Binary Builder can be constructed with encodePrim/encodePrimLE/encodePrimBE, let’s still take MessagePack str format as an example:
import Data.Bits
import Data.Word
import qualified Z.Data.Builder as B
import qualified Z.Data.Text as T
import qualified Z.Data.Vector as V
msgStr :: T.Text -> B.Builder ()
msgStr t = do
let bs = T.getUTF8Bytes t
case V.length bs of
len | len <= 31 -> B.word8 (0xA0 .|. fromIntegral len)
| len < 0x100 -> B.encodePrim (0xD9 :: Word8, fromIntegral len :: Word8)
| len < 0x10000 -> B.encodePrim (0xDA :: Word8, BE (fromIntegral len :: Word16))
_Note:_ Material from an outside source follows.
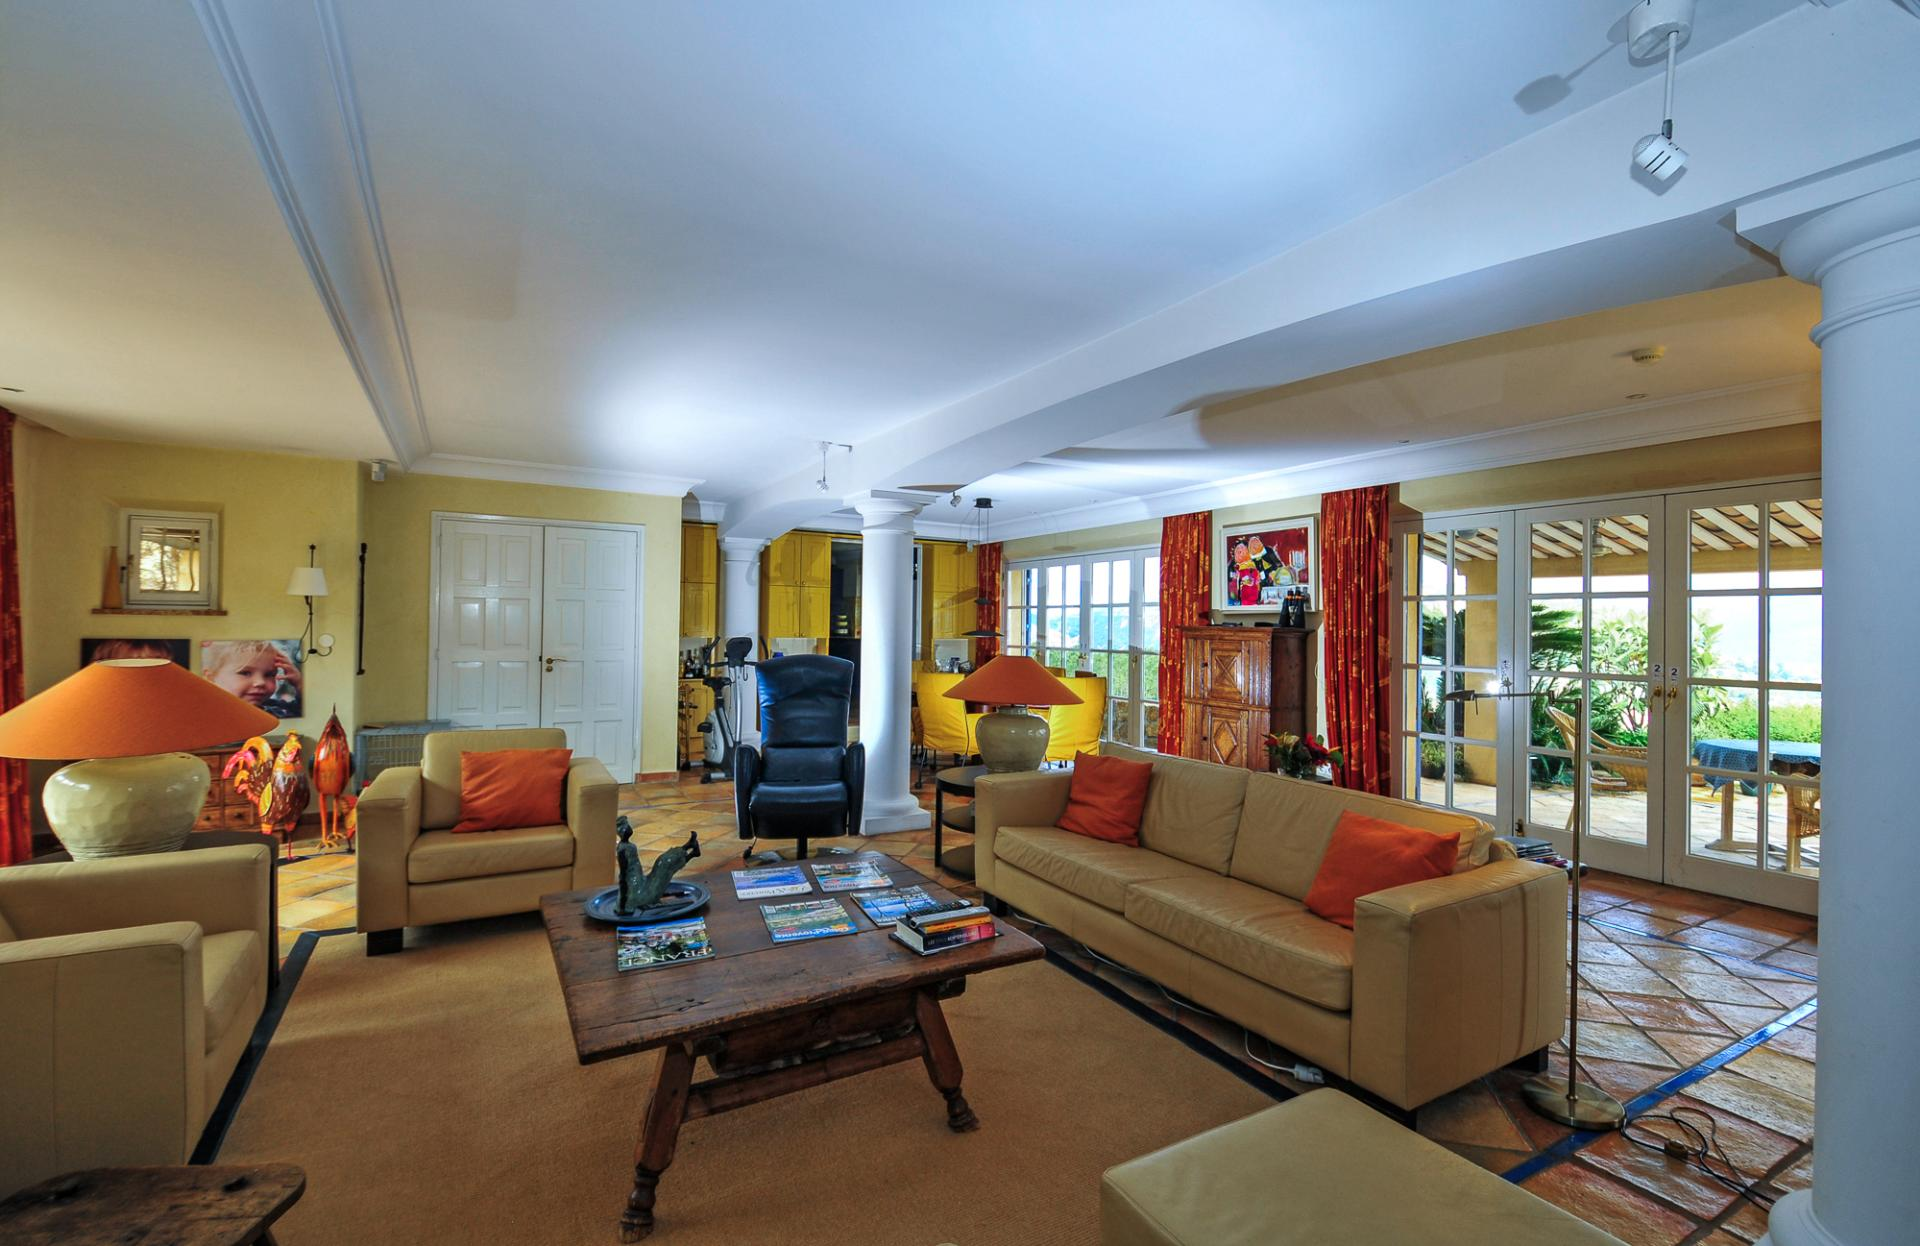 Living Room, L'Hippocampe, Theoule-sur-mer, Cote d'Azur.

| otherwise -> B.encodePrim (0xDB :: Word8, BE (fromIntegral len :: Word32))
B.bytes bs
Note that we directly use Unalign a, Unalign b => Unalign (a, b) instance to write serveral primitive types in a row, The Unalign class provide basic reading and writing facilities to read primitive types from and to raw bytes(with unaligned offset).
Text formatting with Builder
Different from other standard libraries which usually provide printf or similar, in Z directly using Builder to format text is recommended:
-- Similar to print("The result are %d, %d", x, y)
-- If you can ensure all Builders will write UTF-8 encoded bytes,
-- you can use unsafeBuildText to save a validation
B.unsafeBuildText $ do
"The result are " >> B.double x >> ", " >> B.double y
-- Or use do syntax
B.unsafeBuildText $ do
"The result are "
B.double x
", "
B.double y
...
The strength of monadic Builder is that you can reuse all control structure from Control.Monad, such as conditions, loops, etc. Builder () has an IsString instance which can wrap writing literals in UTF-8 encoding, with some modifications:
\NULwill be written as\xC0\x80.\xD800~\xDFFFwill be encoded in three bytes as normal UTF-8 codepoints.
It’s safe to put an string literal inside a unsafeBuildText as long as you don’t write \0 or \55296 ~ \57343.